Stored dataset items:
#####
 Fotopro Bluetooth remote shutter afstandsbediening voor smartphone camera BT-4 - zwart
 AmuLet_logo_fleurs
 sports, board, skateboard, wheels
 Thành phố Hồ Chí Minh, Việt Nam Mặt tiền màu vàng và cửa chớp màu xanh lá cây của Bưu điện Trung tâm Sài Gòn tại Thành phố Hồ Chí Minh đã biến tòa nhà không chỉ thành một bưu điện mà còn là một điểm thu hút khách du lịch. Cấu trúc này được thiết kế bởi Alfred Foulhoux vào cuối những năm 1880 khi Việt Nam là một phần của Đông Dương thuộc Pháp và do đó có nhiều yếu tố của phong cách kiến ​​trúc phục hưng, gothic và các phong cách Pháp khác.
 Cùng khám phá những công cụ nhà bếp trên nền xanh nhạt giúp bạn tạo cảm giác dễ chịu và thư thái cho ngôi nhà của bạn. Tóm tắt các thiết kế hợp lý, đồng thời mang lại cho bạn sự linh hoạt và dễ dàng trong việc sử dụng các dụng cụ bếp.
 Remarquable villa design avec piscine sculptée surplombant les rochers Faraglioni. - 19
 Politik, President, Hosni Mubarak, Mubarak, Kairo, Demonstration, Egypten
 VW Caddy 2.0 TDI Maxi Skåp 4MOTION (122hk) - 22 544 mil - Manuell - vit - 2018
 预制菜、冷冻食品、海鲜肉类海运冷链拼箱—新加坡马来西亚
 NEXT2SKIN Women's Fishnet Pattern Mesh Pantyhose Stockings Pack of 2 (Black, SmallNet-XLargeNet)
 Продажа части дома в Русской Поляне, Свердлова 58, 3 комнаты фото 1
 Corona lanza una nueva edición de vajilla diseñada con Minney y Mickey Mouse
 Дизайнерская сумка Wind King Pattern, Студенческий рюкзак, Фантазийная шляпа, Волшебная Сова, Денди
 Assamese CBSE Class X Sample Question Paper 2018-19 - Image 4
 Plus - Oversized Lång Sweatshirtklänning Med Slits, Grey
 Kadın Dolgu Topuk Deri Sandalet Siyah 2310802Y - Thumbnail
#####
Print each entry above again, exactly as it was given.

 Fotopro Bluetooth remote shutter afstandsbediening voor smartphone camera BT-4 - zwart
 AmuLet_logo_fleurs
 sports, board, skateboard, wheels
 Thành phố Hồ Chí Minh, Việt Nam Mặt tiền màu vàng và cửa chớp màu xanh lá cây của Bưu điện Trung tâm Sài Gòn tại Thành phố Hồ Chí Minh đã biến tòa nhà không chỉ thành một bưu điện mà còn là một điểm thu hút khách du lịch. Cấu trúc này được thiết kế bởi Alfred Foulhoux vào cuối những năm 1880 khi Việt Nam là một phần của Đông Dương thuộc Pháp và do đó có nhiều yếu tố của phong cách kiến ​​trúc phục hưng, gothic và các phong cách Pháp khác.
 Cùng khám phá những công cụ nhà bếp trên nền xanh nhạt giúp bạn tạo cảm giác dễ chịu và thư thái cho ngôi nhà của bạn. Tóm tắt các thiết kế hợp lý, đồng thời mang lại cho bạn sự linh hoạt và dễ dàng trong việc sử dụng các dụng cụ bếp.
 Remarquable villa design avec piscine sculptée surplombant les rochers Faraglioni. - 19
 Politik, President, Hosni Mubarak, Mubarak, Kairo, Demonstration, Egypten
 VW Caddy 2.0 TDI Maxi Skåp 4MOTION (122hk) - 22 544 mil - Manuell - vit - 2018
 预制菜、冷冻食品、海鲜肉类海运冷链拼箱—新加坡马来西亚
 NEXT2SKIN Women's Fishnet Pattern Mesh Pantyhose Stockings Pack of 2 (Black, SmallNet-XLargeNet)
 Продажа части дома в Русской Поляне, Свердлова 58, 3 комнаты фото 1
 Corona lanza una nueva edición de vajilla diseñada con Minney y Mickey Mouse
 Дизайнерская сумка Wind King Pattern, Студенческий рюкзак, Фантазийная шляпа, Волшебная Сова, Денди
 Assamese CBSE Class X Sample Question Paper 2018-19 - Image 4
 Plus - Oversized Lång Sweatshirtklänning Med Slits, Grey
 Kadın Dolgu Topuk Deri Sandalet Siyah 2310802Y - Thumbnail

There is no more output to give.